Andy Musayev

Personal information
- Date of birth: 17 April 2003 (age 23)
- Place of birth: Ostend, Belgium
- Height: 1.76 m (5 ft 9 in)
- Position: Forward

Team information
- Current team: KVDO

Youth career
- 2009–2012: VG Oostende
- 2012–2015: Oostende
- 2015–2018: Club Brugge
- 2018–2022: Oostende

Senior career*
- Years: Team / Apps / (Gls)
- 2022–2024: Oostende / 14 / (0)
- 2024–2025: Veles Moscow / 3 / (0)
- 2025–: KVDO / 0 / (0)

= Andy Musayev =

Belgian footballer

Andy Musayev (Анди Лечиевич Мусаев; born 17 April 2003) is a Belgian professional footballer who plays as a forward for KVDO. He also holds Russian citizenship.

==Professional career==
Musayev is a youth product of VG Oostende, Oostende, and Club Brugge.

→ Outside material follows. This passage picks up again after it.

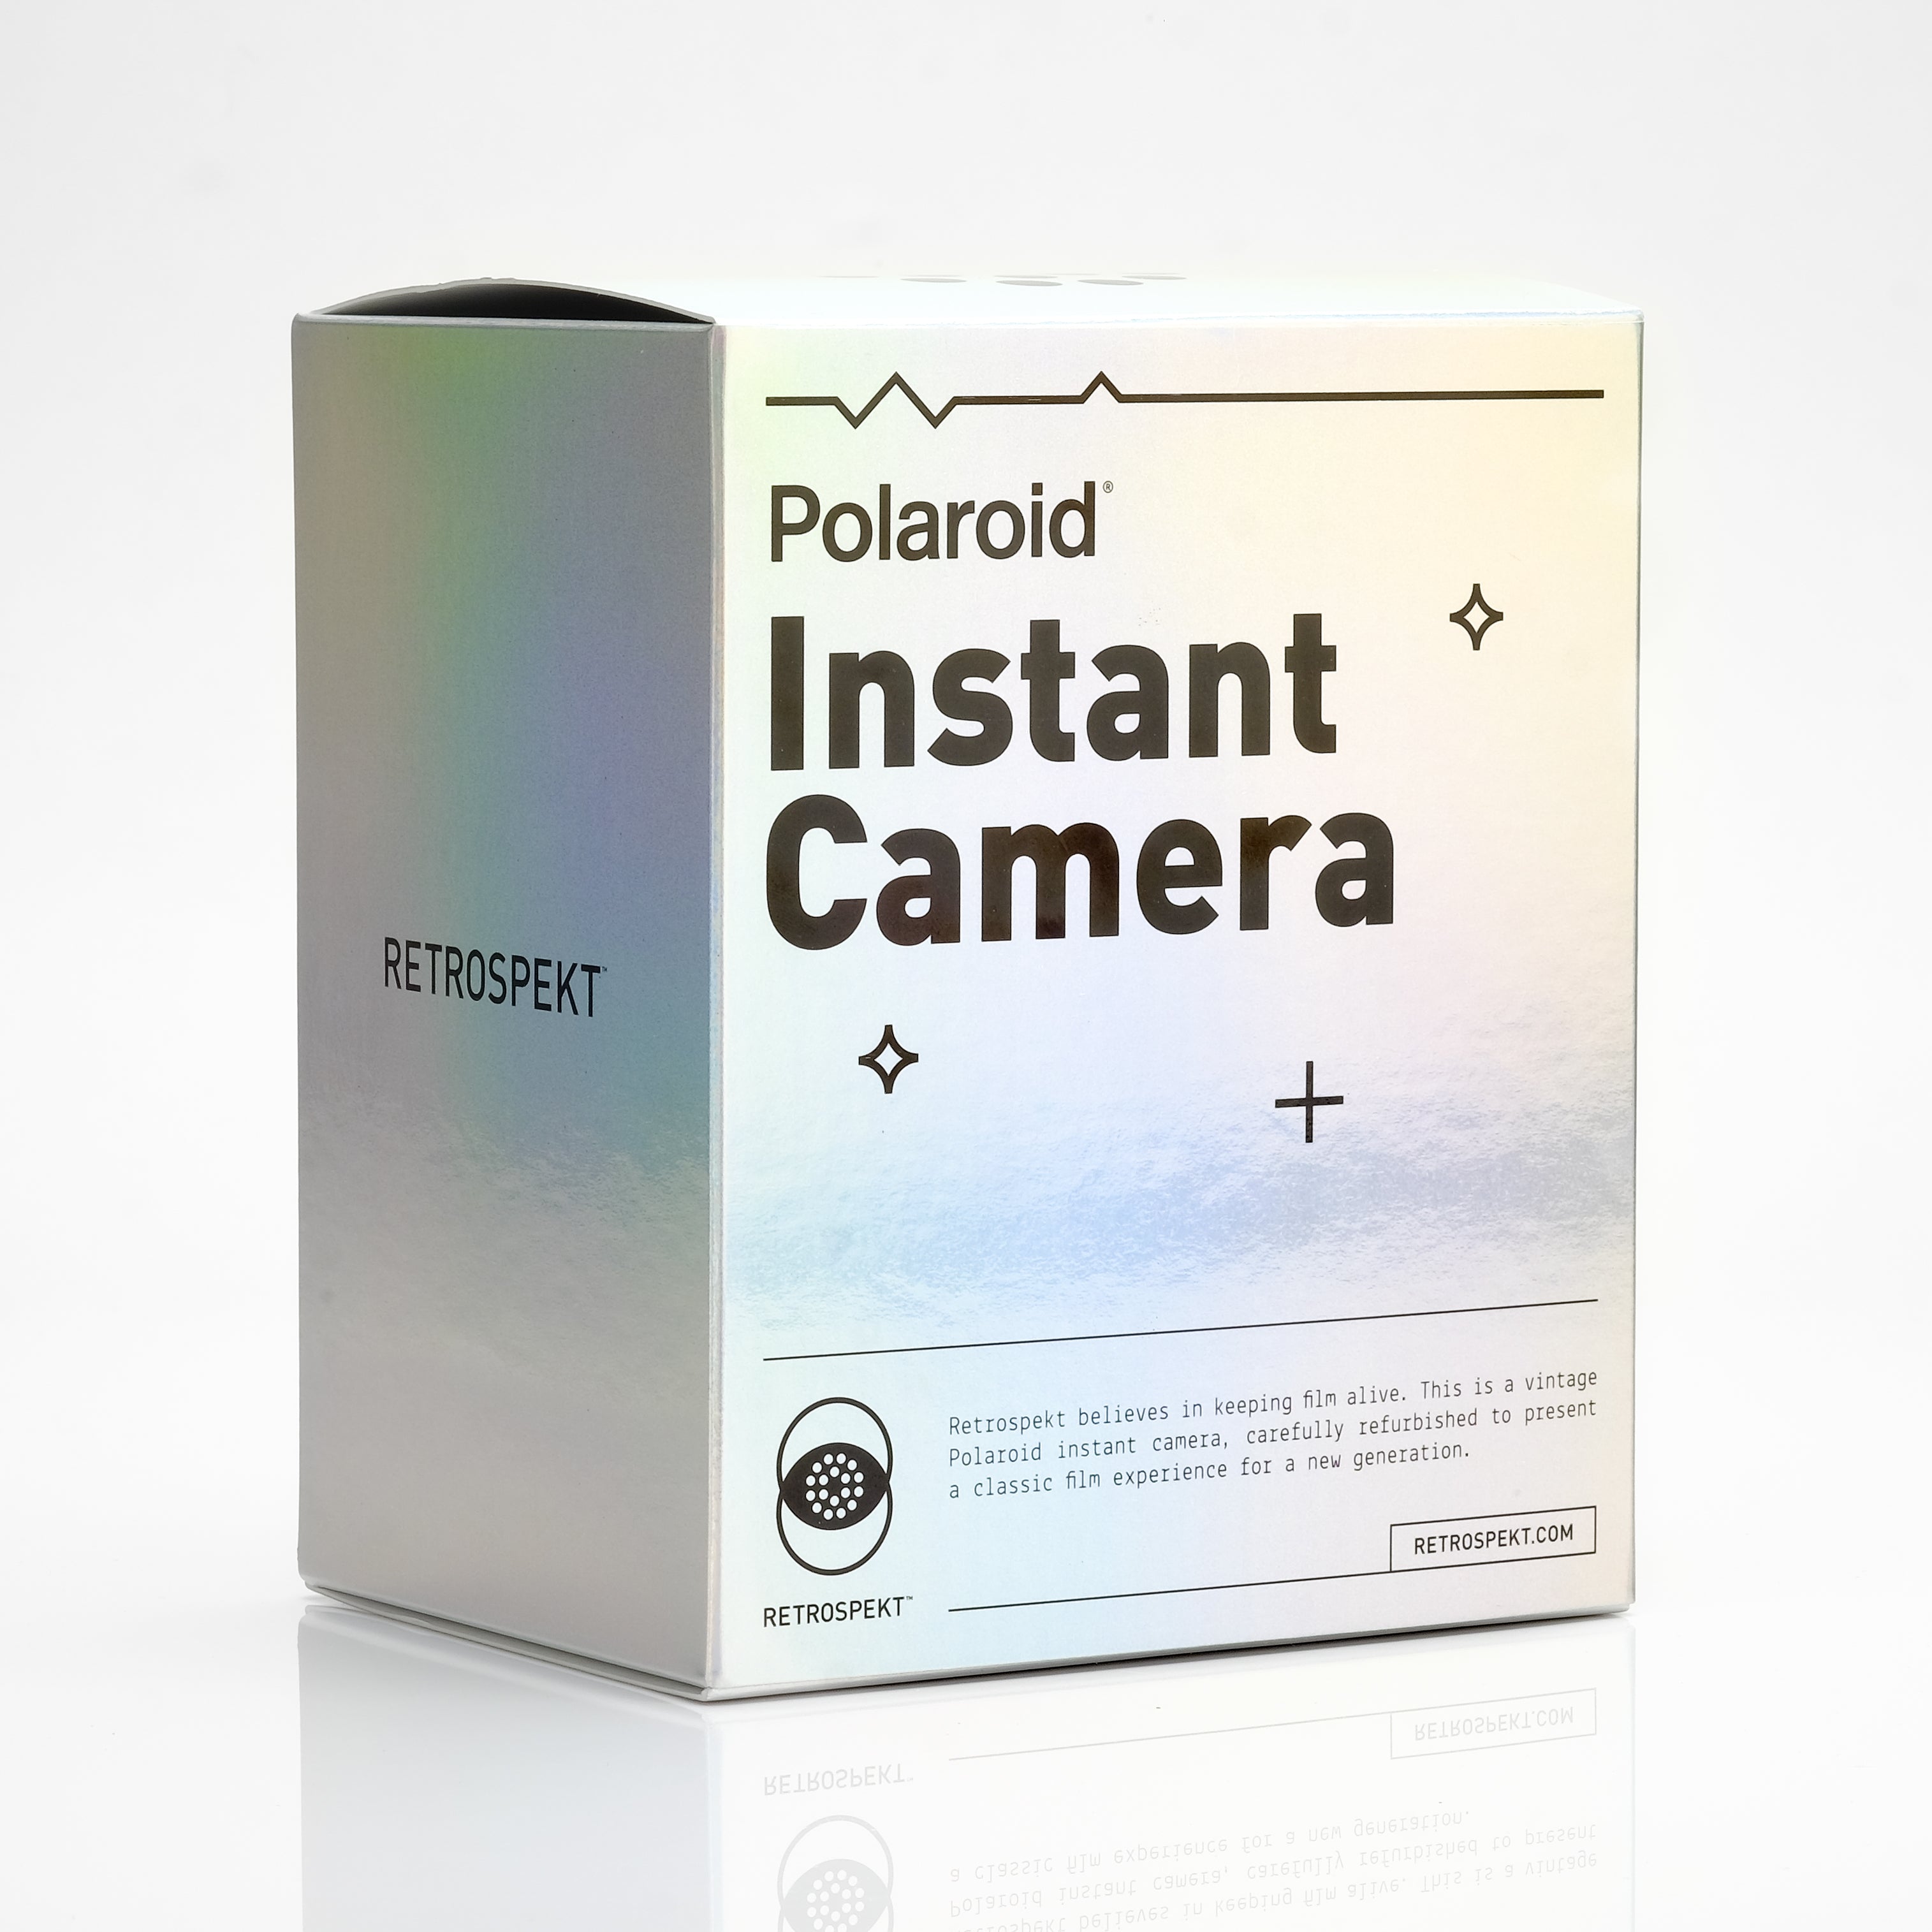 Polaroid 600 Mary Kay Instant Film Camera

On 13 July 2022, he signed his first professional contract with Oostende until 2025. He made his professional debut with them as a late substitute in a 2–0 Belgian First Division A loss to Anderlecht on 24 July 2022.

==Personal life==
Musayev was born in Belgium to Chechen parents who emigrated from North Caucasus to Belgium in the 90s during the Second Chechen War. He is a Muslim, and visited Chechnya often as a youth.